═══ INPUT DATA ═══

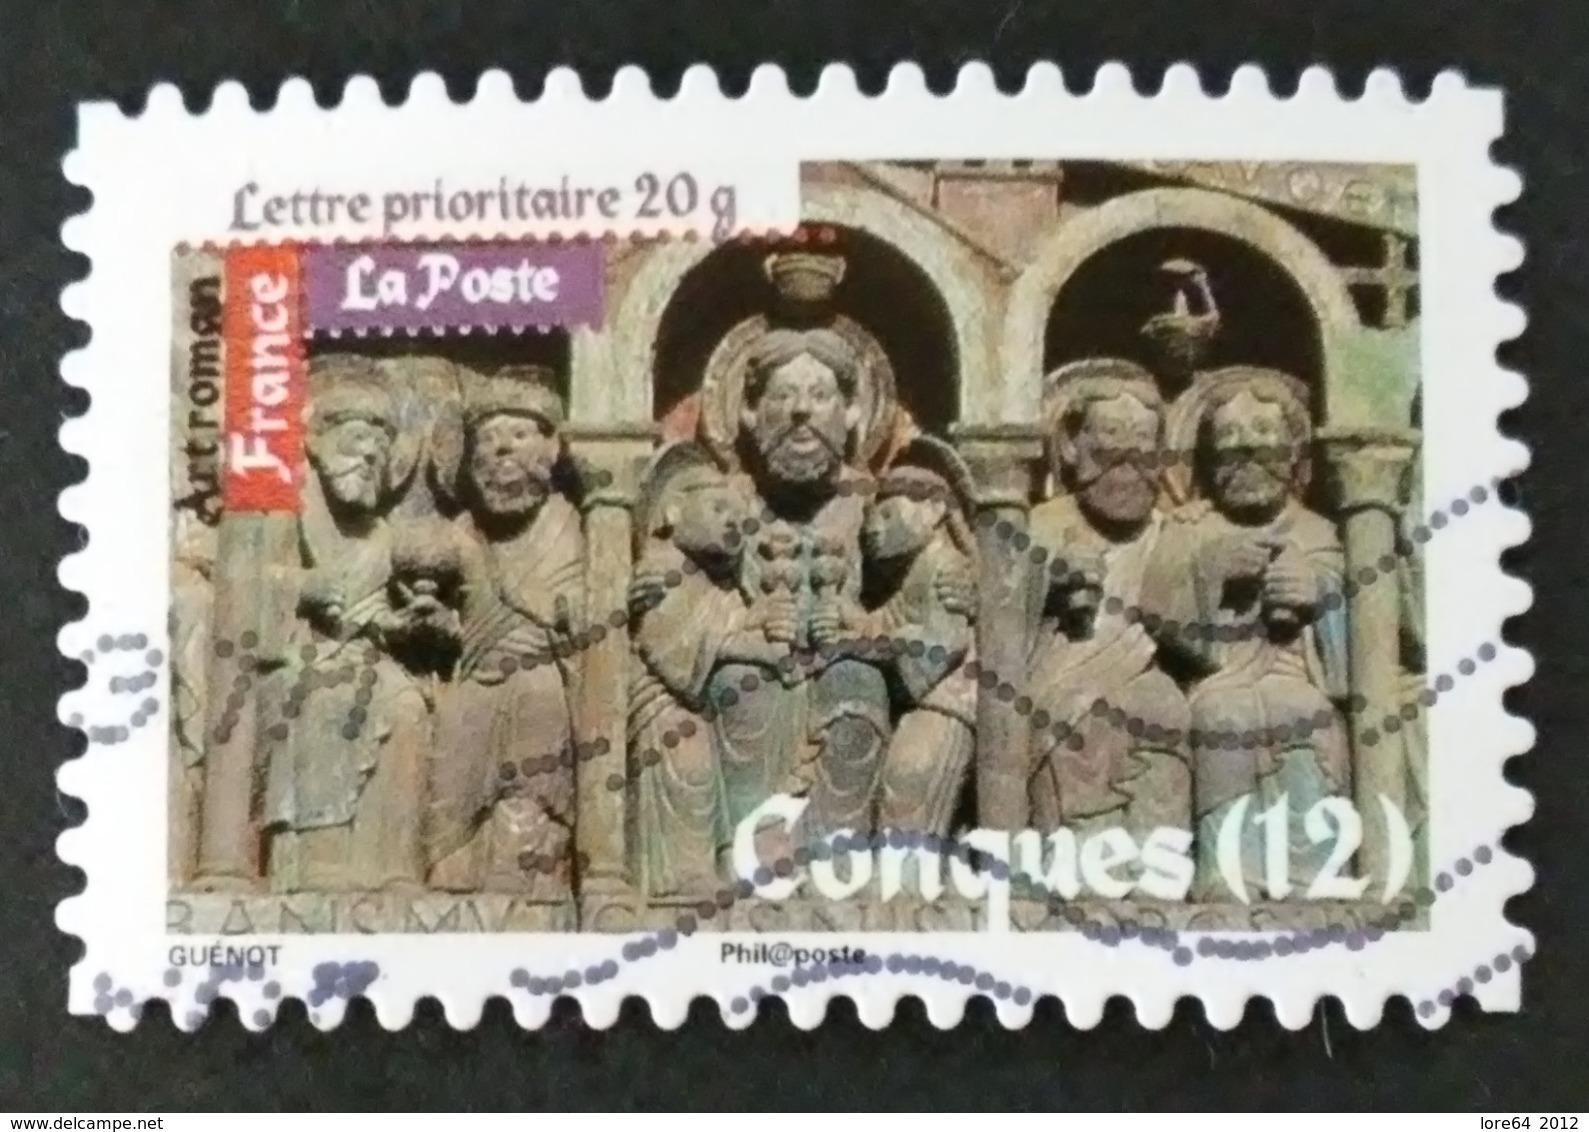 FRANCIA 2010 - 466 - France
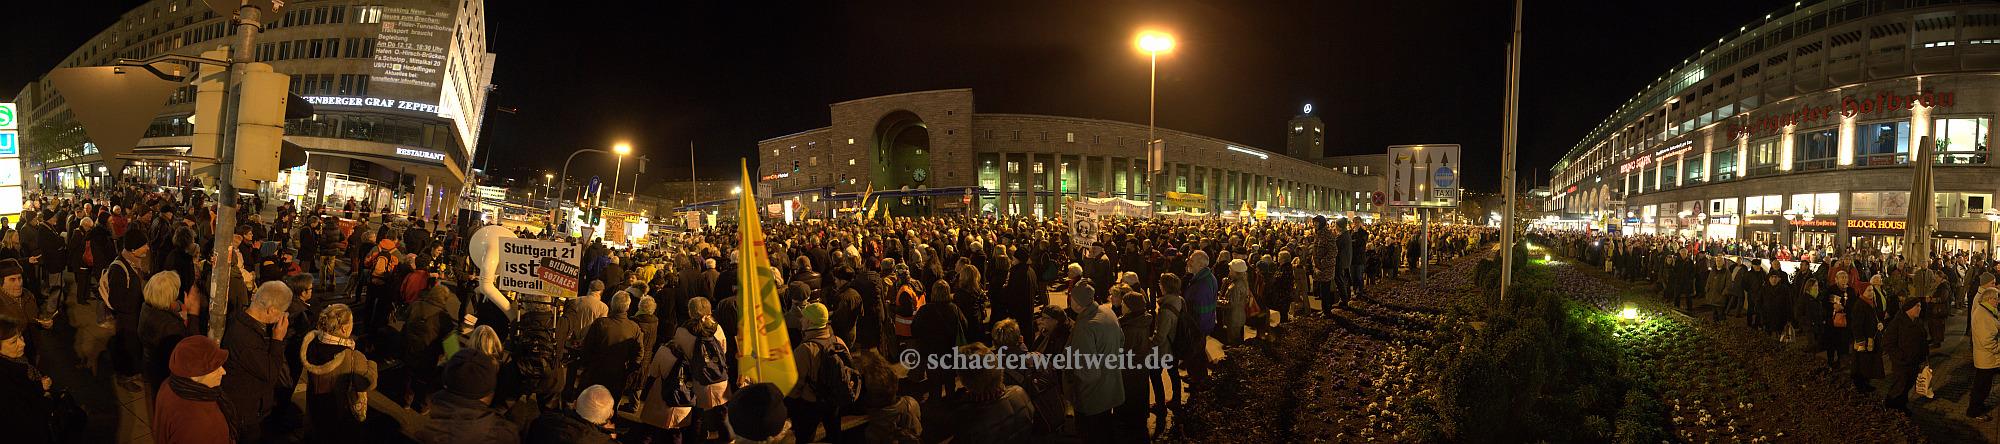 Arnulf-Klett-Platz Stuttgart - 09.12.13 ©schaeferweltweit.de
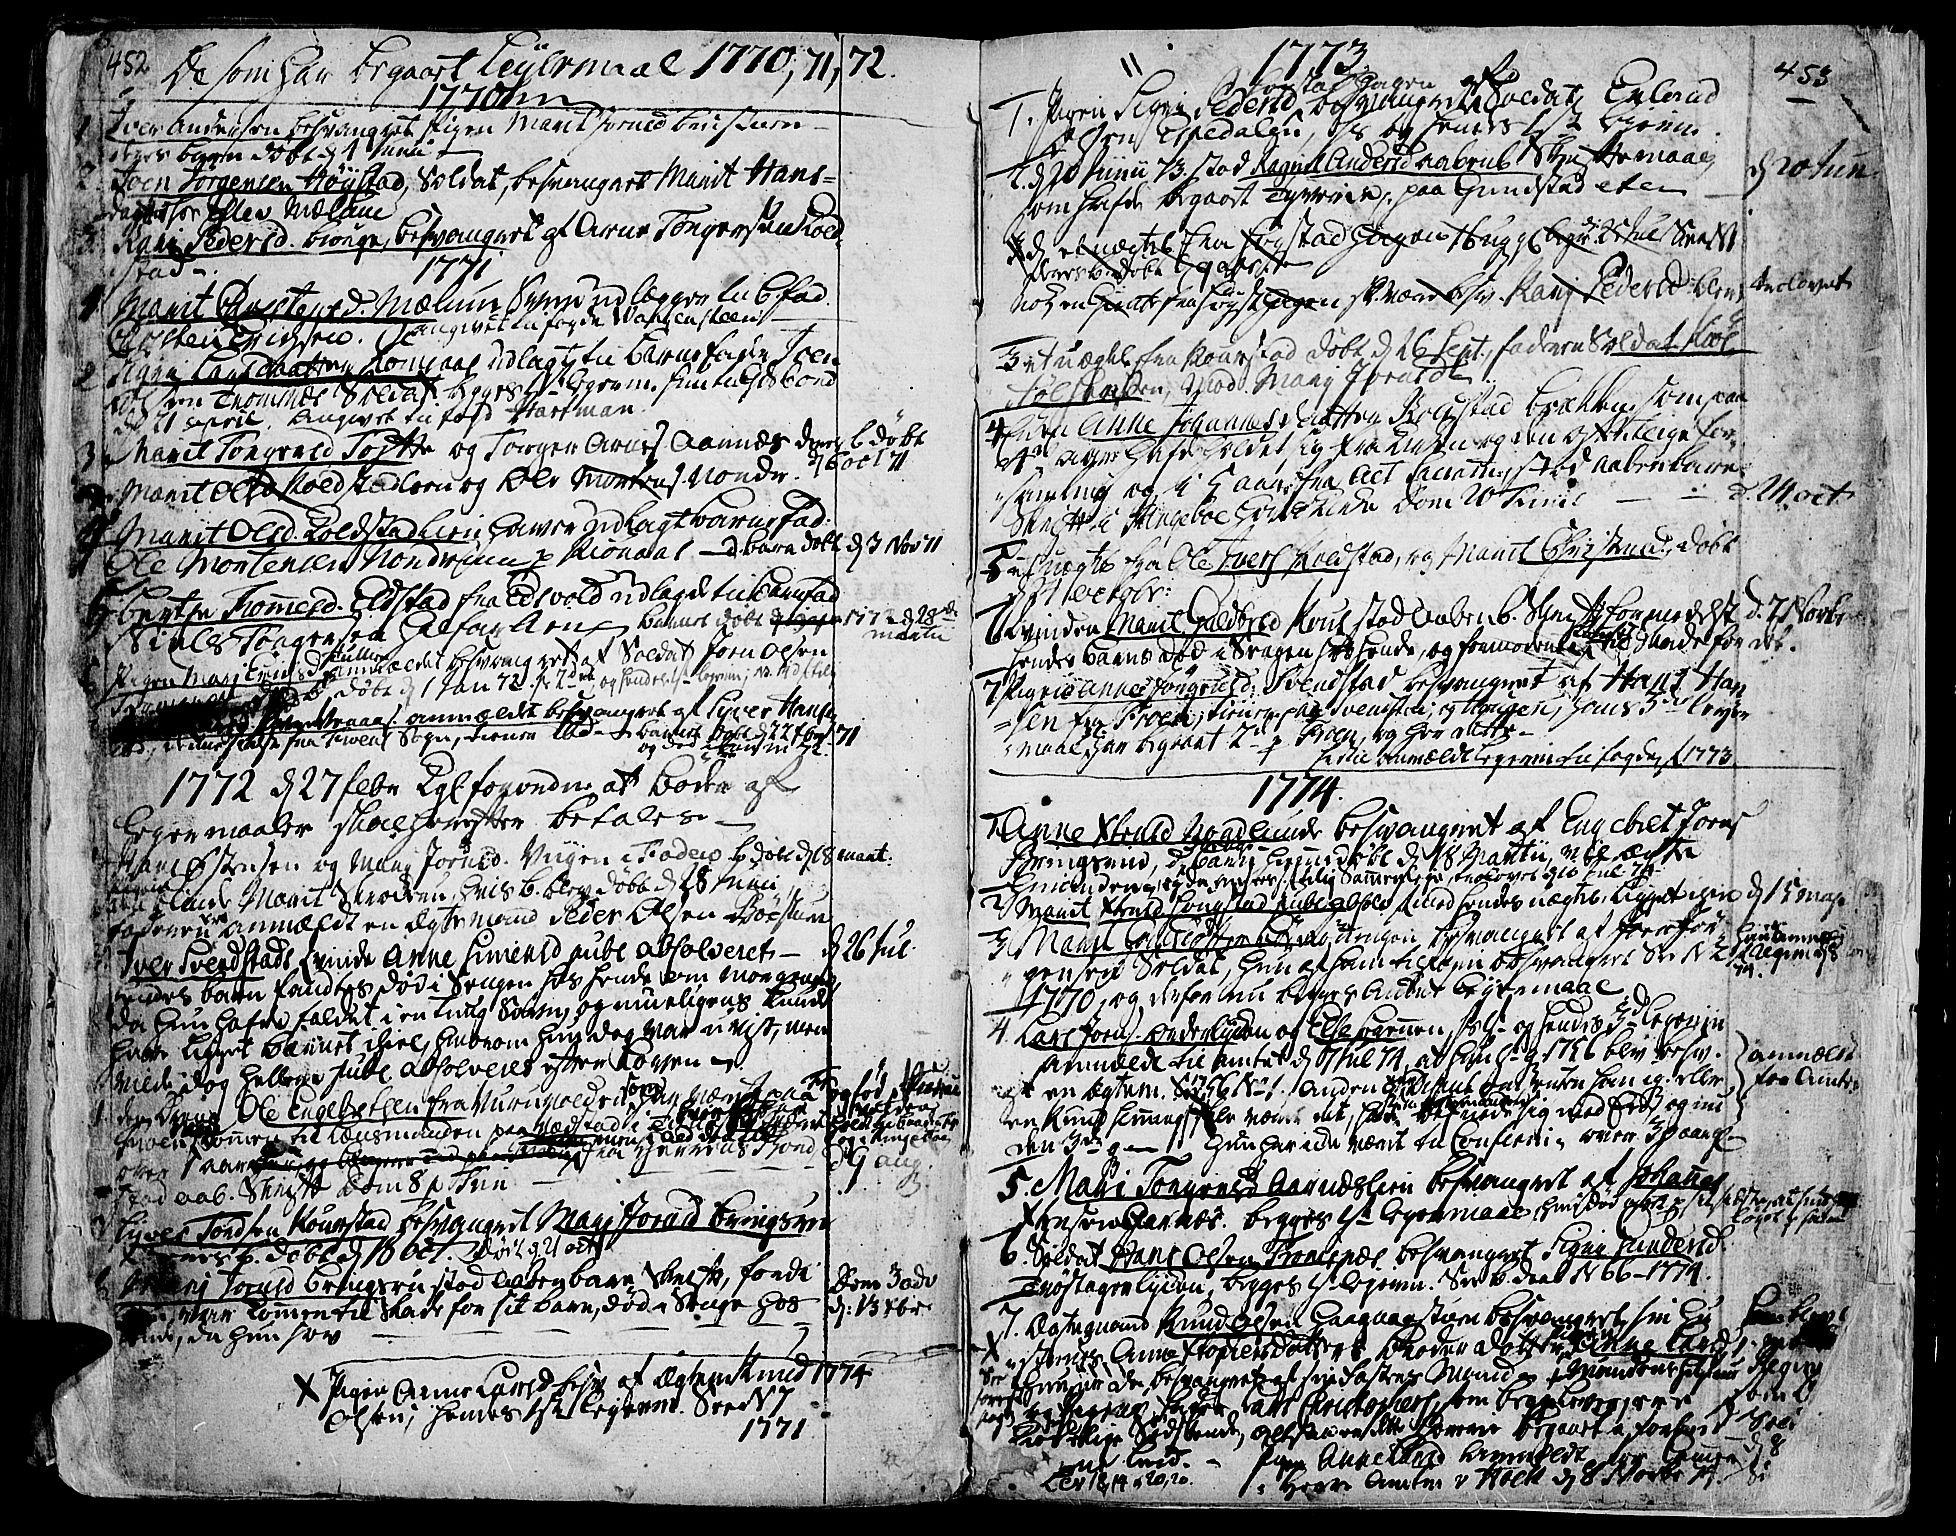 SAH, Ringebu prestekontor, Ministerialbok nr. 2, 1734-1780, s. 452-453
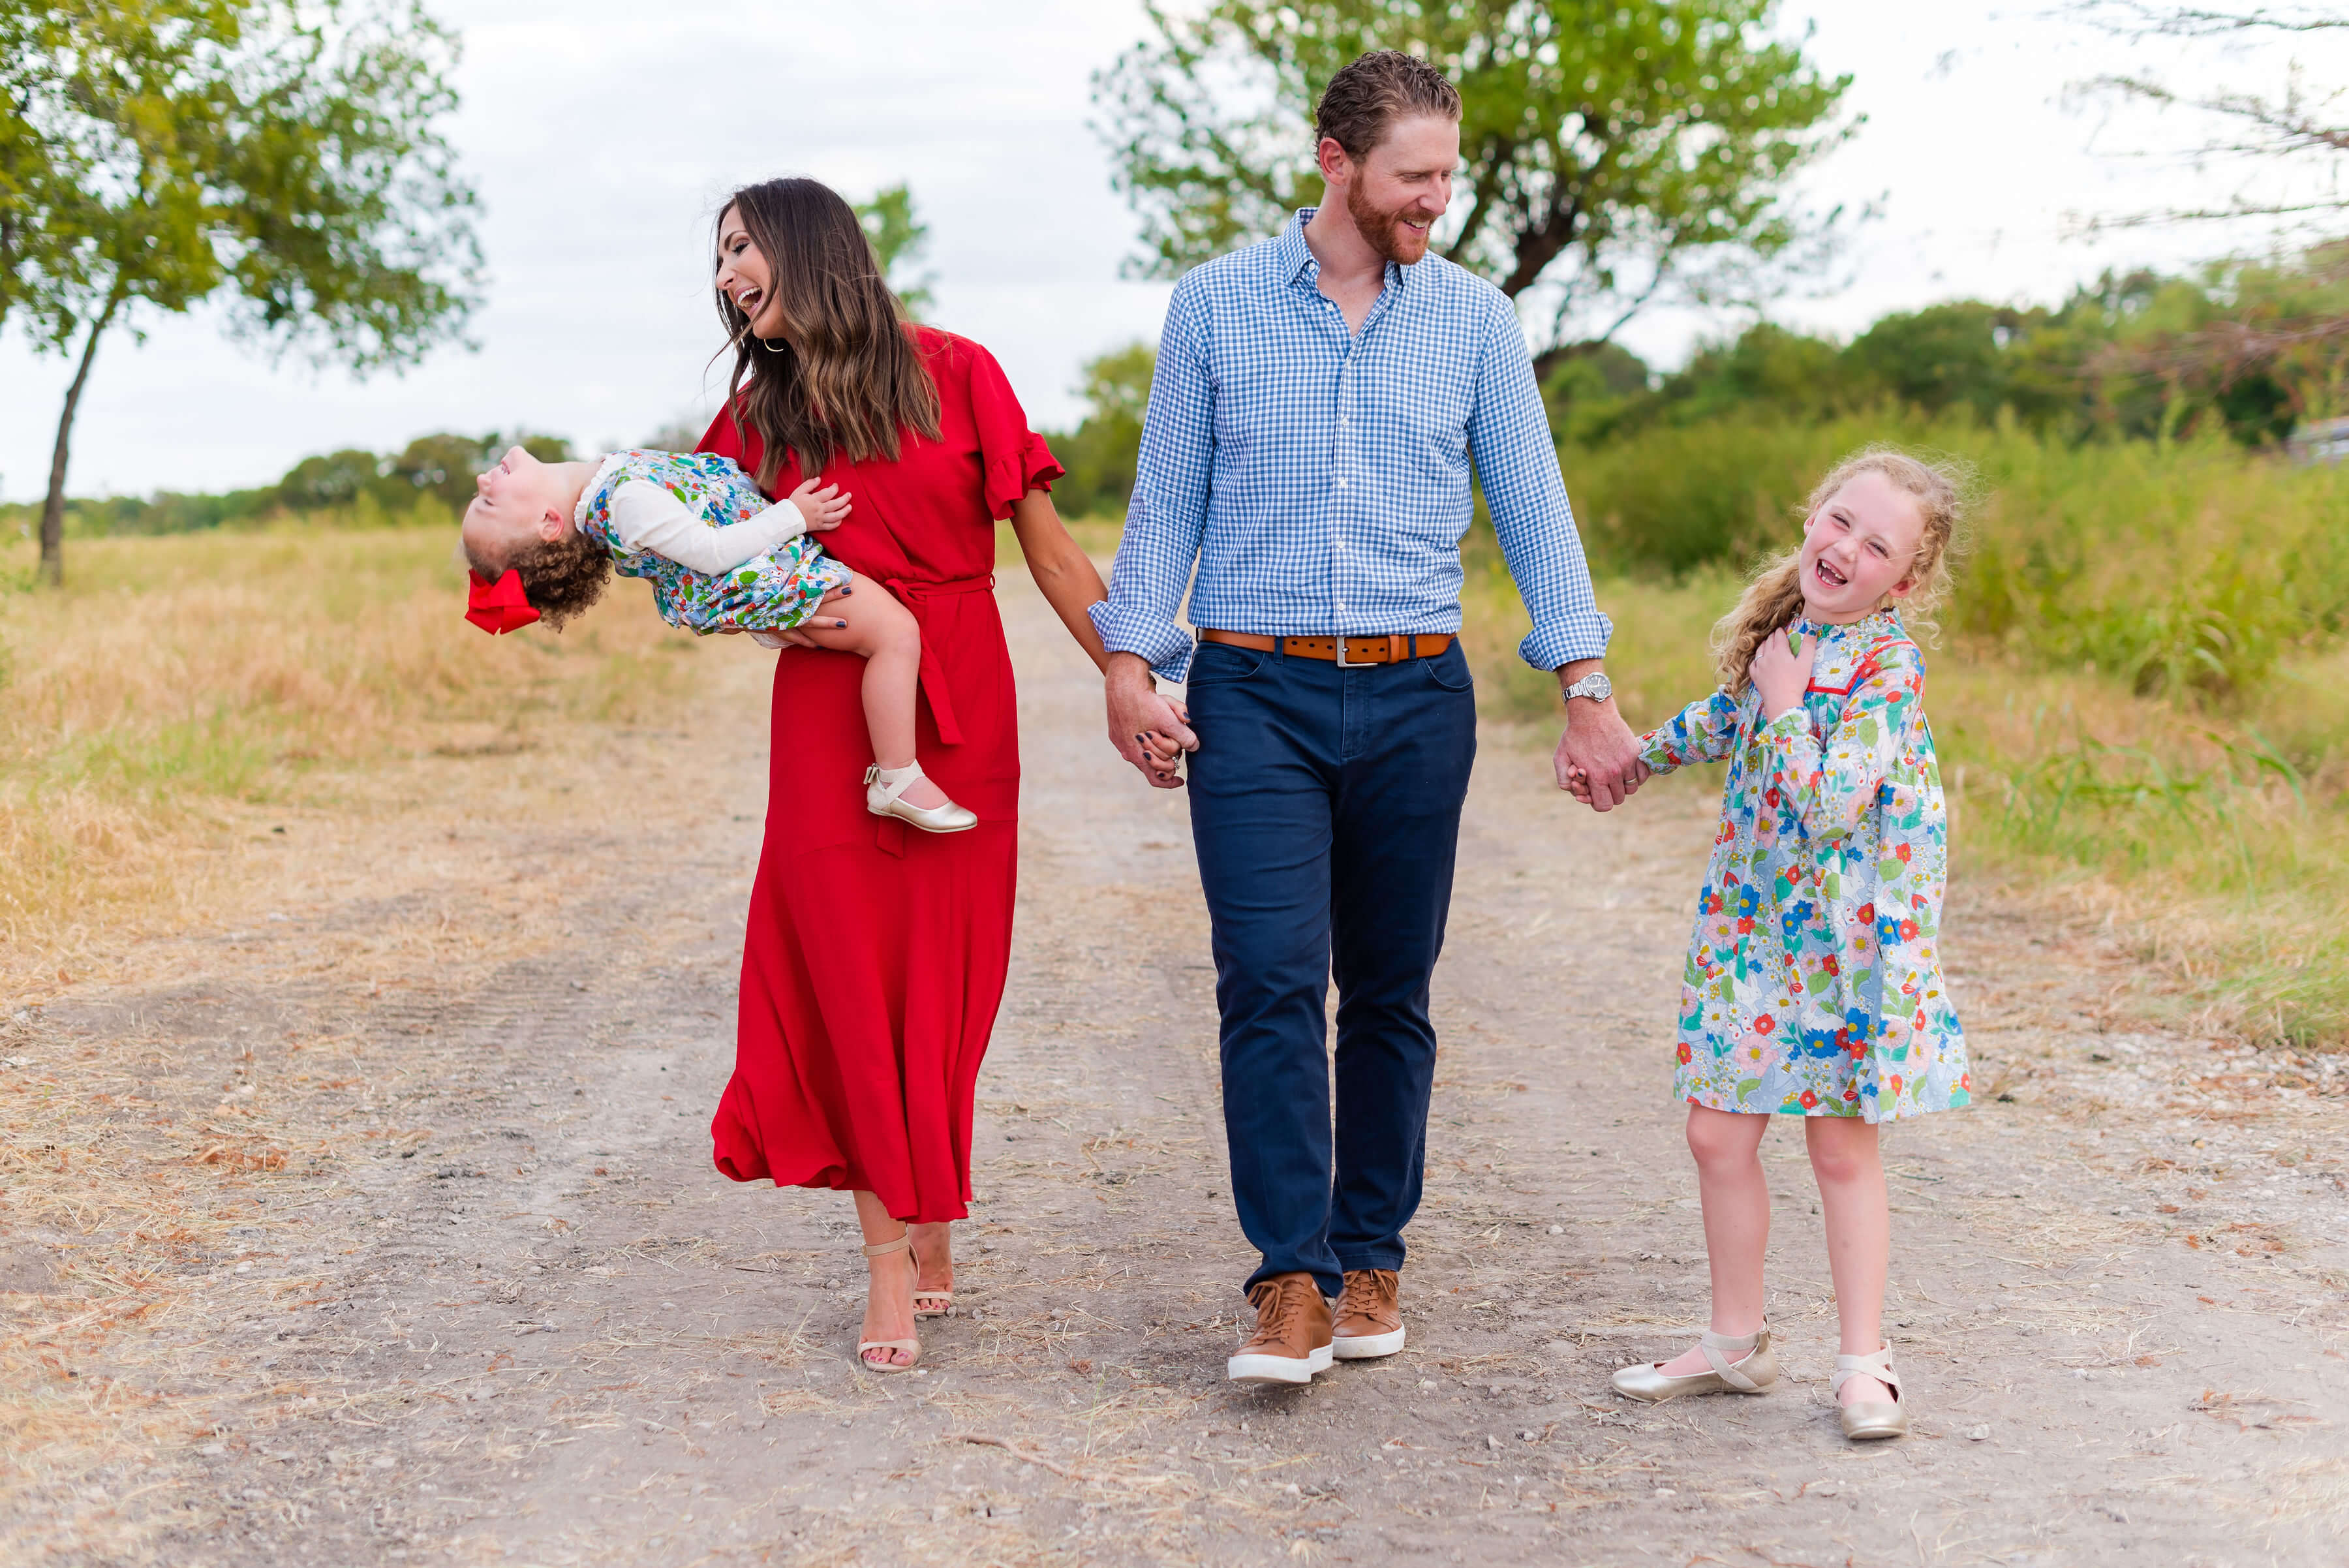 family of 4 | Fall family photo Ideas | Style Your Senses

═══

EXERCISE BRIEF: Would you copy all of the data exactly? Keep the pictures out of it.

ANSWER AREA:
 FRANCIA 2010 - 466 - France
 Arnulf-Klett-Platz Stuttgart - 09.12.13 ©schaeferweltweit.de
 SAH, Ringebu prestekontor, Ministerialbok nr. 2, 1734-1780, s. 452-453
 family of 4 | Fall family photo Ideas | Style Your Senses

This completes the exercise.